I confirm I see same on the agmini system. Two problems: (a) error message is wrong, it's a
short read, not a read error (clue: read() syscall does not return "no such file"). (b)
mlogger is supposed to write history in record-size blocks, read in the same record size
blocks. UNIX file semantics require that both reader and writer see read() and write() as
atomic, even on NFS, so mhttpd should never see partially written history records. I can
debug this on the agmini system. Probably should.
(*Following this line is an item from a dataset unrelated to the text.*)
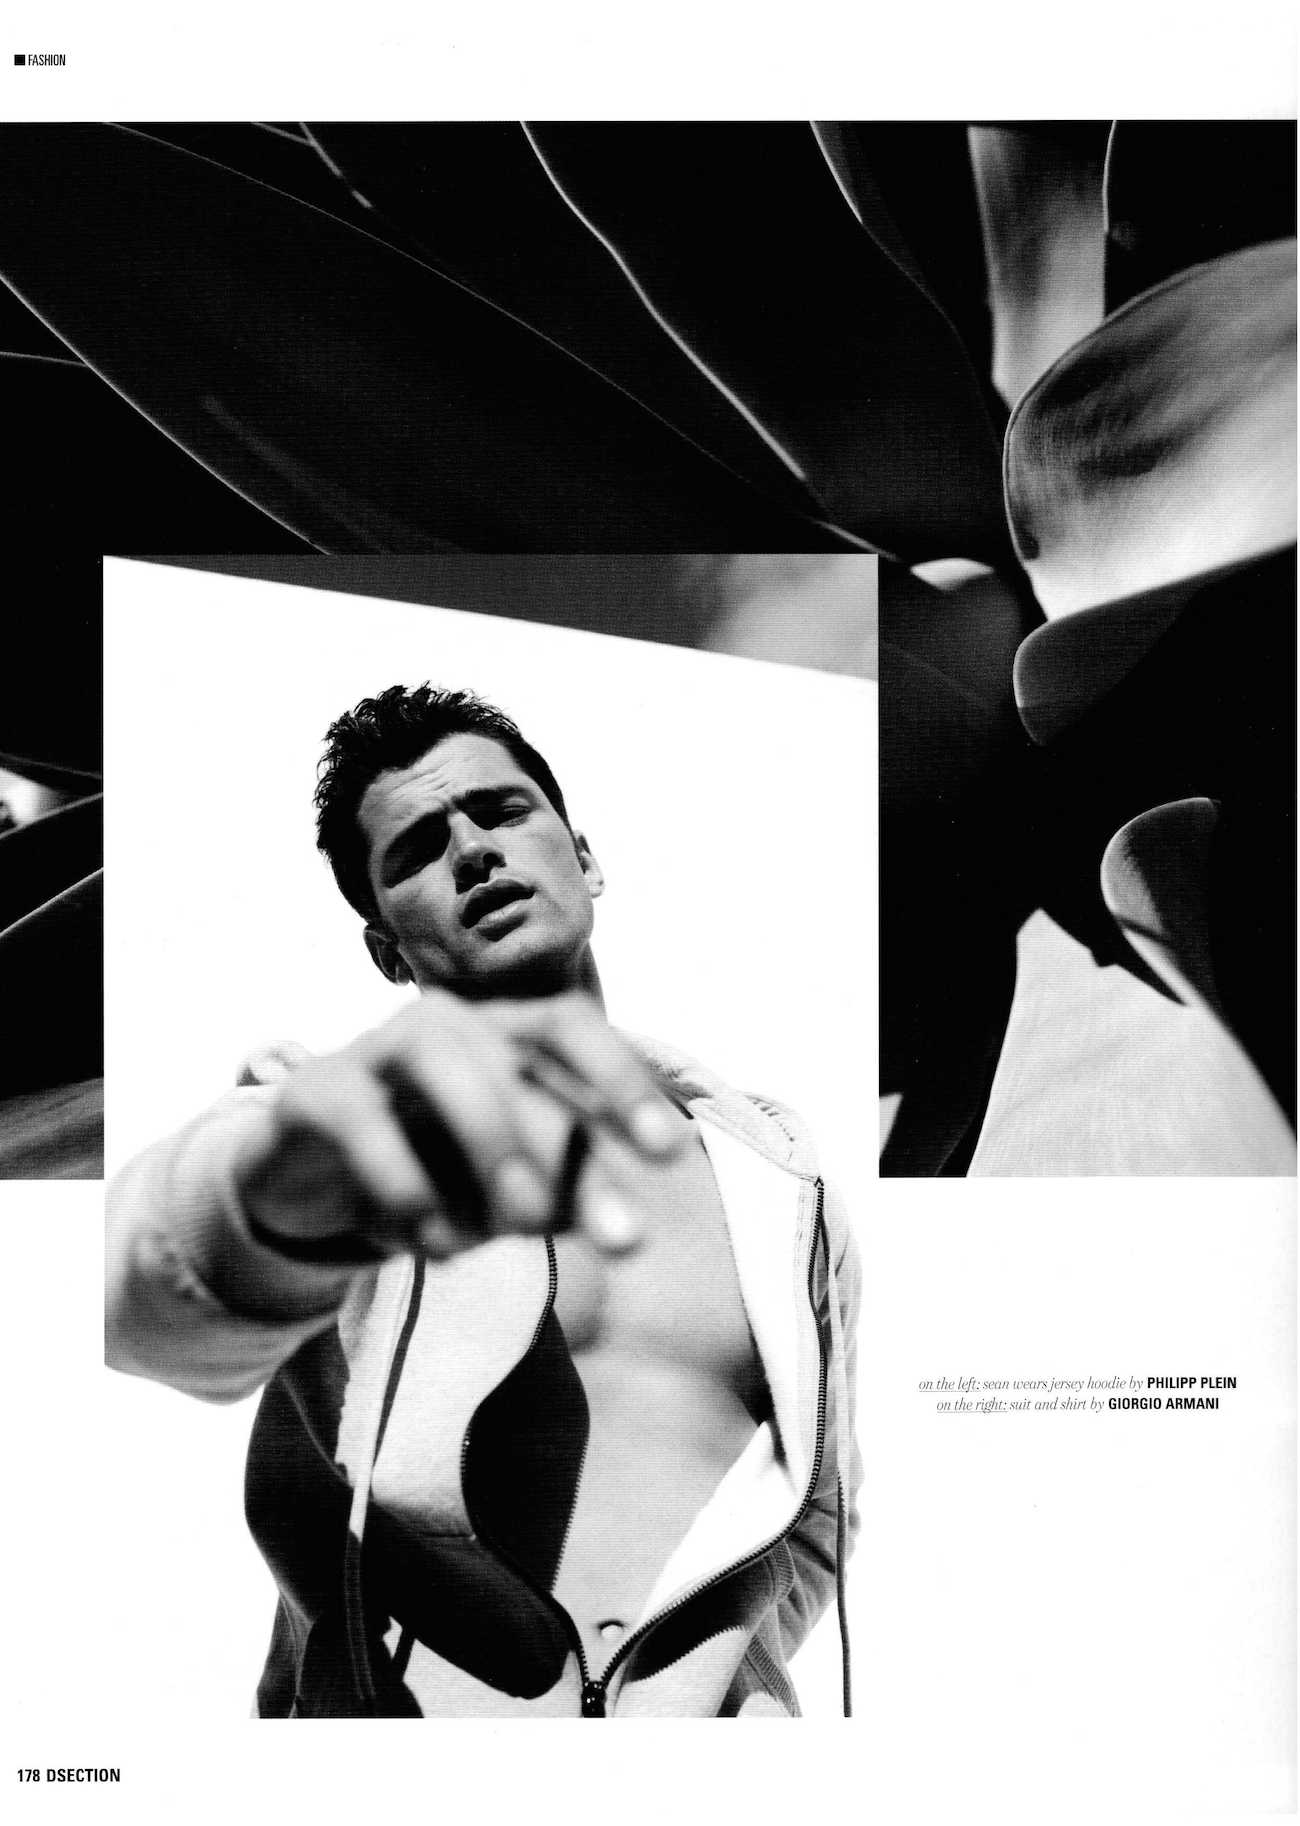 sean-opry-dsection-ss15-cover-story-013.jpg
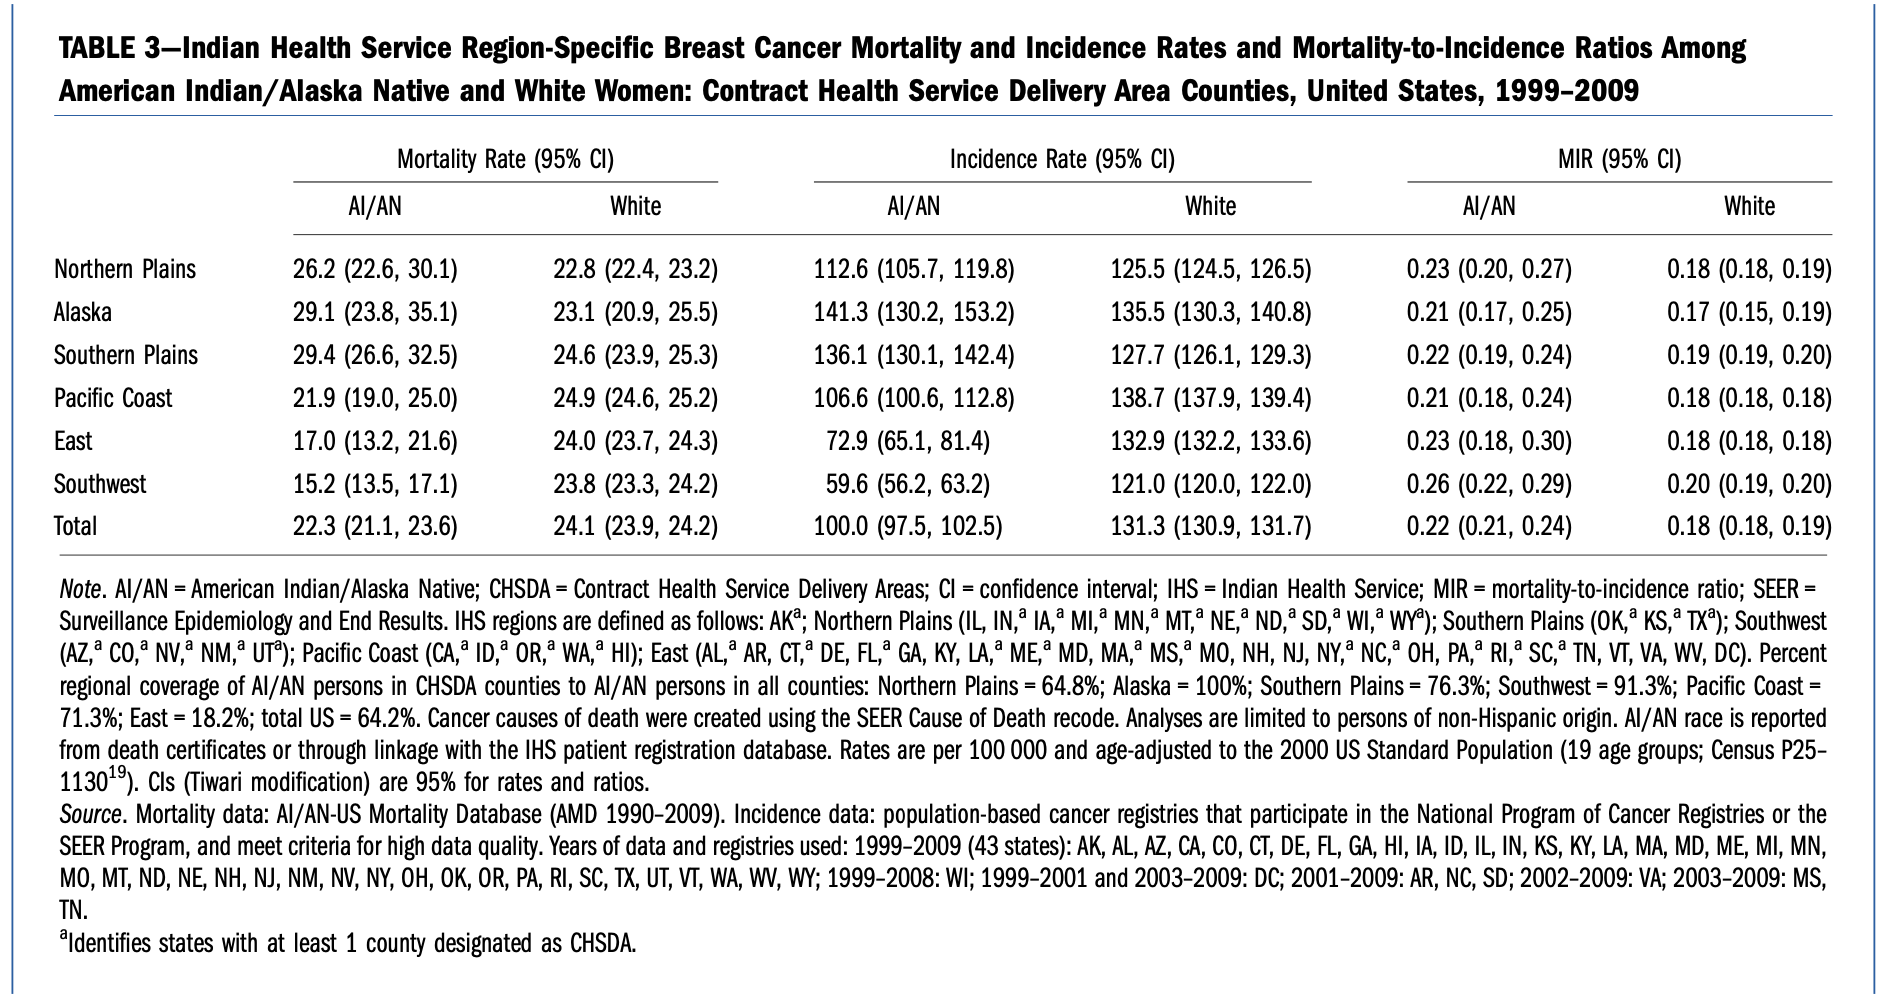 IHS Breast Cancer Mortality, Incidence and Mortality-to-Incidence Rations

Problem (a) fixed in commit bb423c8680cc67220312534403840442868f2b3b, if you update, you
should see error messages about "short read" and the read sizes it reports are very
interesting, please put them in the elog here.
K.O.
> We sporadically (like once per few hours) have an error message when we access the
> history plots through mhttpd:
>
> 07:21:35.109 2023/08/03 [mhttpd,ERROR]
> [history_schema.cxx:2345:FileHistory::read_data,ERROR] Cannot read
> '/data2/history/mhf_1690890685_20230801_dc_hv.dat', read() errno 2 (No such file
> or directory)
>
> When I log in to the machine, I properly see the file and also can access it
>
> [meg@megon02 history]$ ls -l mhf_1690890685_20230801_dc_hv.dat
> -rw-rw-r--. 1 meg meg 34176312 Aug 3 07:23 mhf_1690890685_20230801_dc_hv.dat
>
> and I also can dump that file.
>
> When I try again with mhttpd, I properly see that file.
>
> Now in principle this is not a problem, but the error message is annoying, since this
> is the only error we get in 24 hours. I attached a 24h log to see what I mean. If this
> is an OS issue, I wonder if we should add code to retry the file access in case we get
> that error.
>
> Anybody seen a similar thing?
>
> Best,
> Stefan |